Mora stanął koło Natalii i wyszeptał.

- Teraz jesteś u mnie i będziesz grzeczna, jeśli nie, to spotka cię za to kara. Jesteśmy rodziną rozumiesz. Tak to ma wyglądać dla wszystkich naokoło - wycedził.

- Niedoczekanie, Kuba i policja już mnie pewnie szukają - prychnęła, a on zaśmiał się cynicznie i złapał ją za włosy. Blondynka synęła z bólu. 

- Puść mnie to boli!- krzyknęła.

- Ten twój chłoptaś cię nie znajdzie, a policja, do tej pory nie znaleźli Antosia prawda? A teraz chodź i słuchaj mnie, albo będzie jeszcze bardziej bolało - warknął i wskazał mężczyznom, żeby ją wprowadzili do domu. Zaprowadzili ją do sypialni, gdzie przykuli ją do łóżka, a później wyciągnął butelkę z wódką.

- Napij się, to się trochę rozluźnisz, bo jesteś strasznie spięta - mruknął, ale ona nie chciała, wiedziała że nie wolno jej pić, bo jest w ciąży, wiedziała że musi grać na zwłokę.

- Rozluźniła by mnie kąpiel i coś do jedzenia - oświadczyła, rozkuł ją i zaprowadził do łazienki, gdzie nalał jej wody do wanny.

- No już gotowe, rozbieraj się! - rzucił, a ona przełknęła ślinę i stała w bezruchu.

- Nie będę się rozbierała przy tobie - burknęła, a on podszedł do niej i złapał ją za szyję i popatrzył jej prosto w oczy.

- Zapomniałaś już co mówiłem? Jesteśmy rodziną, zresztą nie raz już widziałem cię nago i jakoś wtedy ci to nie przeszkadzało - powiedział i wsunął swoją dłoń do jej spodni, po czym zaczął ją dotykać.

- Przestań! - syknęła, a on uderzył ją w twarz. 

- Rozbieraj się, albo ja to zrobię za ciebie! - rozkazał, a ona ze strachu, zaczęła wykonywać jego polecenie.

****
Tymczasem Kuba i Mariusz rozmawiali  

- Jestem pewien, że to Mora. Oczywiście nie osobiście, ale kogoś opłacił. Założę się, że ją wywieźli za granicę, tak jak Antosia - stwierdził i popatrzył na przyjaciela.

- Zgłosiłeś to? - zapytał. 

- Oczywiście, że to zgłosiłem Mariusz, ale obawiam się, że śledztwo potrwa długo. Obecnie nie mają nic, najgorsze jest to, że Antosia też nie znaleźli - westchnął i zacisnął pięści.

- Dobra, a jak myślisz gdzie mogą być? - zapytał. 

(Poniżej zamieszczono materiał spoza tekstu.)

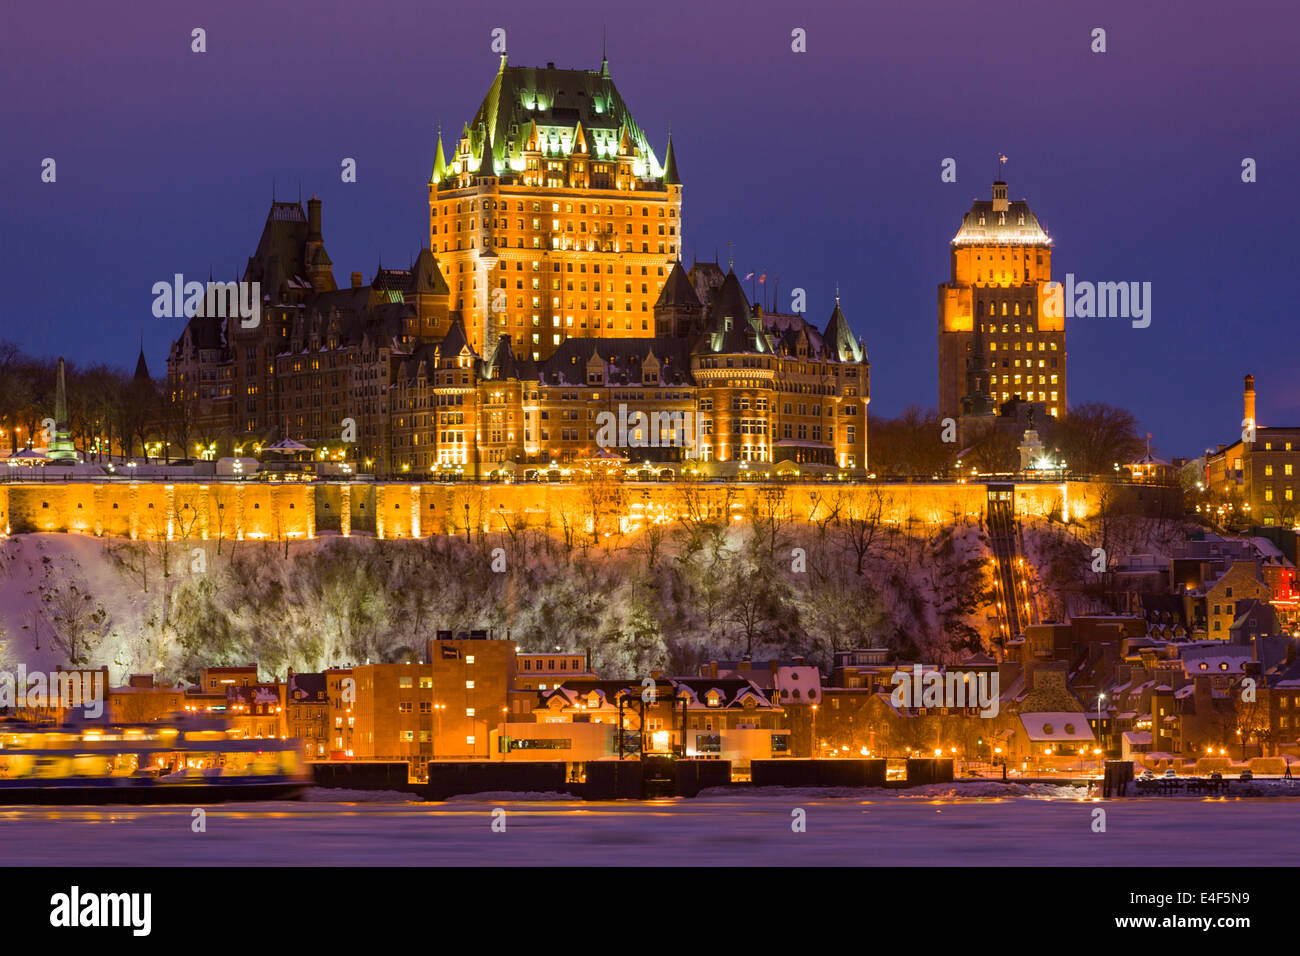 City skyline at twilight, showing Chateau Frontenac in winter, as seen from across the Saint Lawrence River, Quebec City Quebec, Stock Photo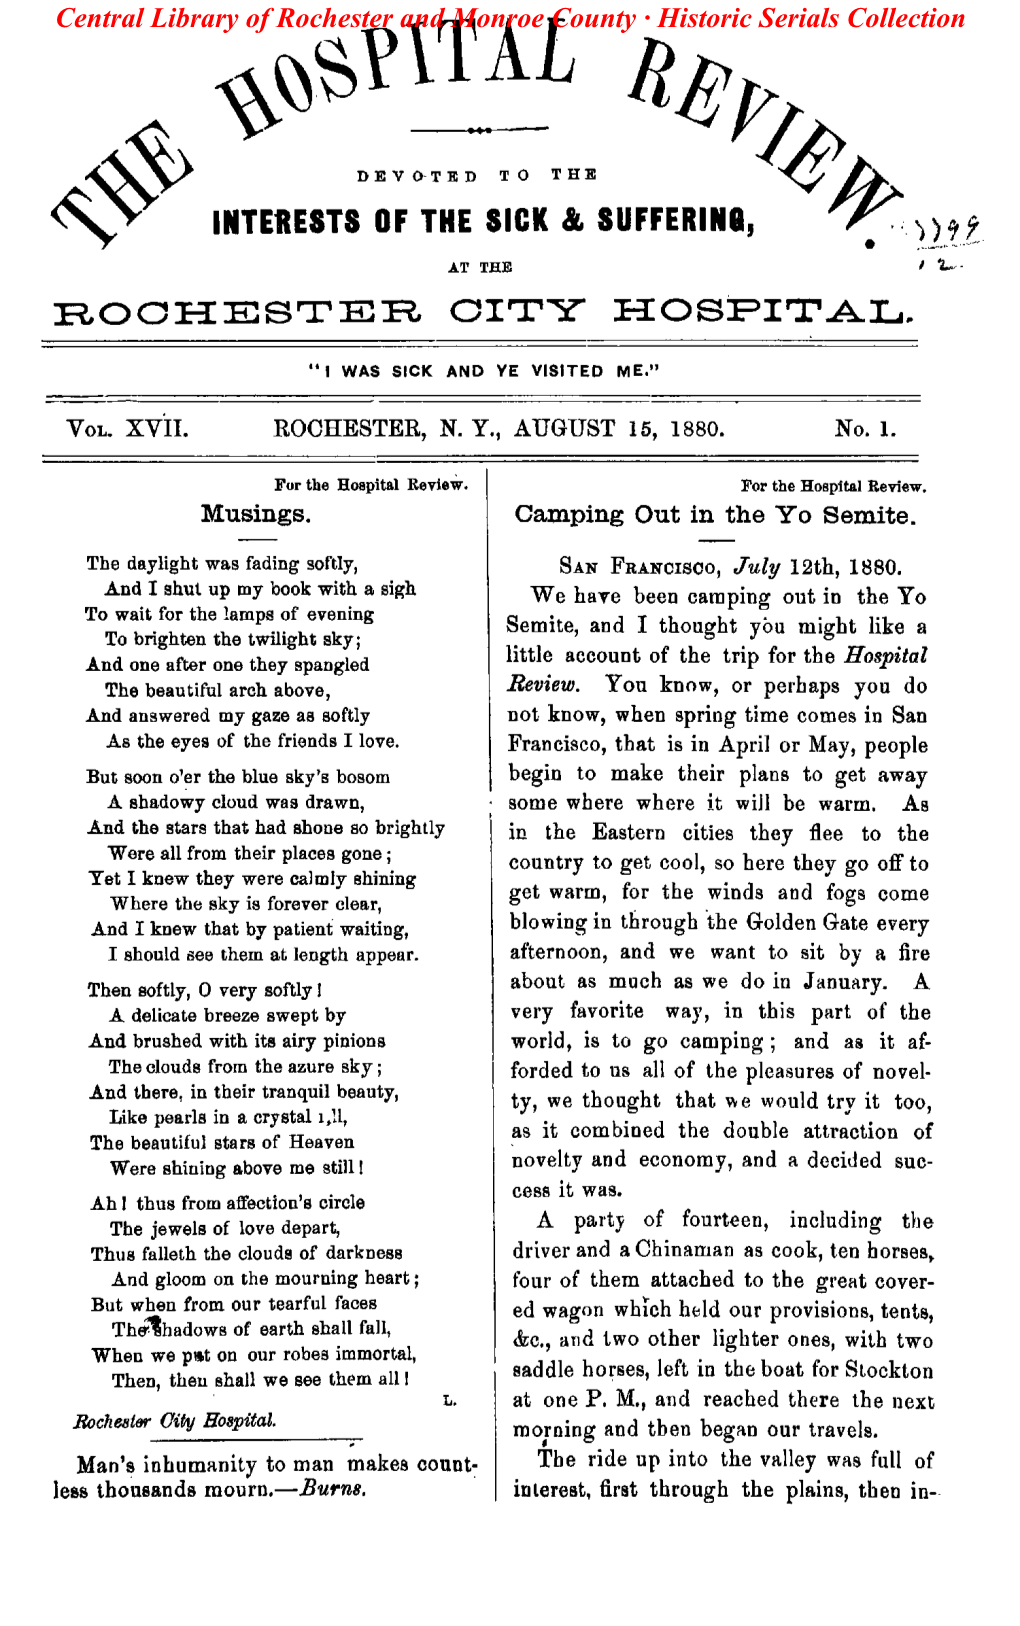 Interests of the Sick & Suffering, Rochester City

- Chyba w Holandii, tam cały czas jeździł ten cały Filip - oświadczył Roguz.

Mariusz podniósł się z miejsca.

- Mam tam kontakty, uruchomię je i postaramy się ją odnaleźć - obiecał, a Kuba również podniósł się z miejsca.

- On jest zdolny do wszystkiego, a Natalia jest w ciąży - przyznał i zacisnął razem usta.

- Spokojnie, damy radę. Będę z tobą w kontakcie - oznajmił i pożegnał się z przyjacielem, a później opuścił mieszkanie.

****
Po kąpieli przynieśli jej pizze i herbatę. Ponownie znalazła się w sypialni i została przykuta jedną ręką do framugi łóżka. 

- Mógłbyś sobie to darować, nigdzie ci nie ucieknę - oznajmiła, a on pokręcił głową.

- Nie ze mną te numery Natalka, dobrze wiem do czego jesteś zdolna. Zjedz sobie spokojnie, bo za chwilę się zabawimy - oświadczył uśmiechając się szyderczo, a ona poczuła na samą myśl ucisk w żołądku, nie była pewna do czego był zdolny, ale bała się tego co mógł zrobić i obawiała się o bezpieczeństwo dziecka. (...)

***

Witajcie, oto kolejny rozdział. Czy tego się spodziewaliście? Dajcie mi znać. Pozdrawiam i do następnego. 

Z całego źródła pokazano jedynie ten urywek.